Dealing with failures and making distributed systems fault-tolerant is such a vast topic which we cannot discuss enough in just a blog post. Therefore, we will talk about a small subset of this topic in this blog post, dealing with failure when communicating between our services.
Failure is everywhere
According to this Fallacies of distributed systems. Your HTTP request will either fail at some point due to network error or take a very long time to respond.
It’s not just about the network but the failures. Let’s think about something else like your hard drive, what would happen if you read a file but it doesn’t exist because someone deleted it, or even worse, the hard drive failed. What if one of your servers just crashed for no particular reason? What if your Database somehow cannot be connected? Shortages? After all, failure is everywhere and cannot be prevented completely.
What is fault tolerance?
Fault tolerance in computer systems refers to the ability of a system to continue operating without interruption when one or more of its components fail. As mentioned in the above section, failure is everywhere and inevitable, we cannot prevent it but aim to detect, isolate and resolve problems preemptively.
That’s enough information about failure and fault-tolerant systems. Let’s dive into some patterns when making HTTP requests between services. (These examples below are written in C# and .NET Core project, the syntax may be different for other languages but the pattern should remain the same).
A slow HTTP request doesn’t degrade your system but a bunch of slow HTTP requests does. It doesn’t matter that you are making a GET request to serve the data to the client or just simply exchange information between services.

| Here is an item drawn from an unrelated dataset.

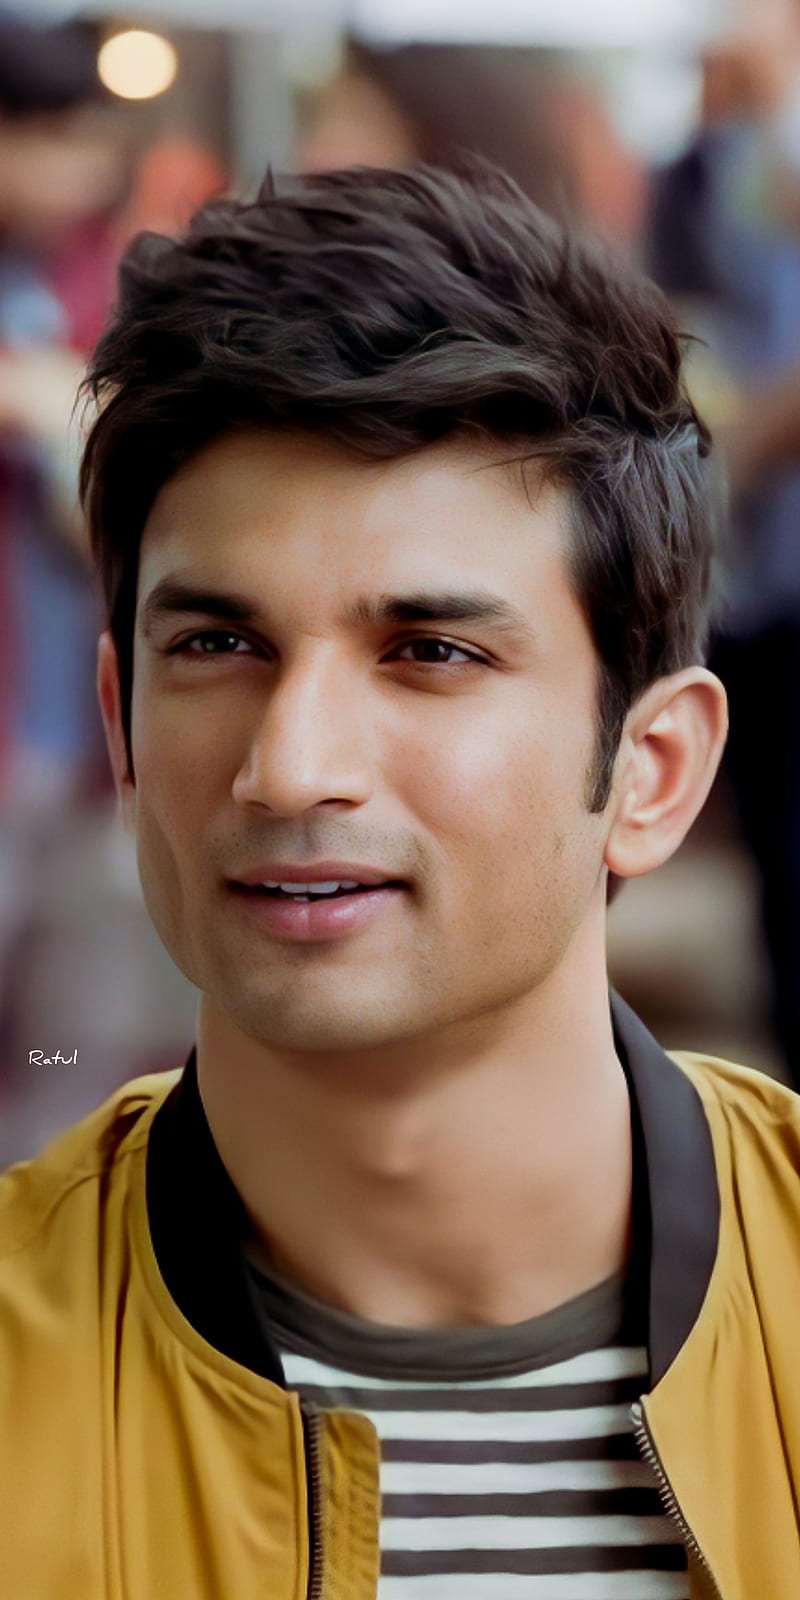 Sushant Singh Rajput: Incredible Collection of 999+ HD Images in Full 4K

Let’s take a look at the example below, service A is making a request to service B, it takes roughly around 30s for service B to produce a response. That’s slow, but still works.
Figure 1: Communication between Service A and Service B demonstration
If we scale this scenario up to 30 users making the request from service A to service B, these requests hold 30 Ephemeral sockets for 30 seconds waiting for responses from service B.
In this example, Service A has id 26900, Service B has process id 32176. Take a look at these sockets being held by process A, the resource could be exhausted if the number of requests goes up.
Figure 2: Process Id of Service A and Service B in Task Manager
Figure 3: Ephemeral sockets hold by Service A
That’s a lot of resources, the waiting time is not even acceptable for the user. That’s why we came up with the Time Out pattern. If the request takes longer than expected, we just give up.
The good thing about the Time Out pattern is that we can detect slow running operations and give up before it consumes all the resources. There’s a downside of this pattern, you have to configure the timeout threshold appropriately so your system remains responsive and doesn’t drop your requests if sometimes they take a bit longer than expected.
Timeout pattern implementation
For the sake of simplicity, we will use Polly.NET for all our examples in this post. It’s a library which helps us implement a resilience system so we don’t have to write all the boilerplate code.
After initiating the source, you need to add the package Microsoft.Extensions.Http.Polly to your project via Nuget Package Manager or via command dotnet add package Microsoft.Extensions.Http.Polly if you are using dotnet cli.
First, we define the timeout policy in your Program.cs file (If you are using an older version of .NET core, add them to Startup.cs ConfigureServices method instead).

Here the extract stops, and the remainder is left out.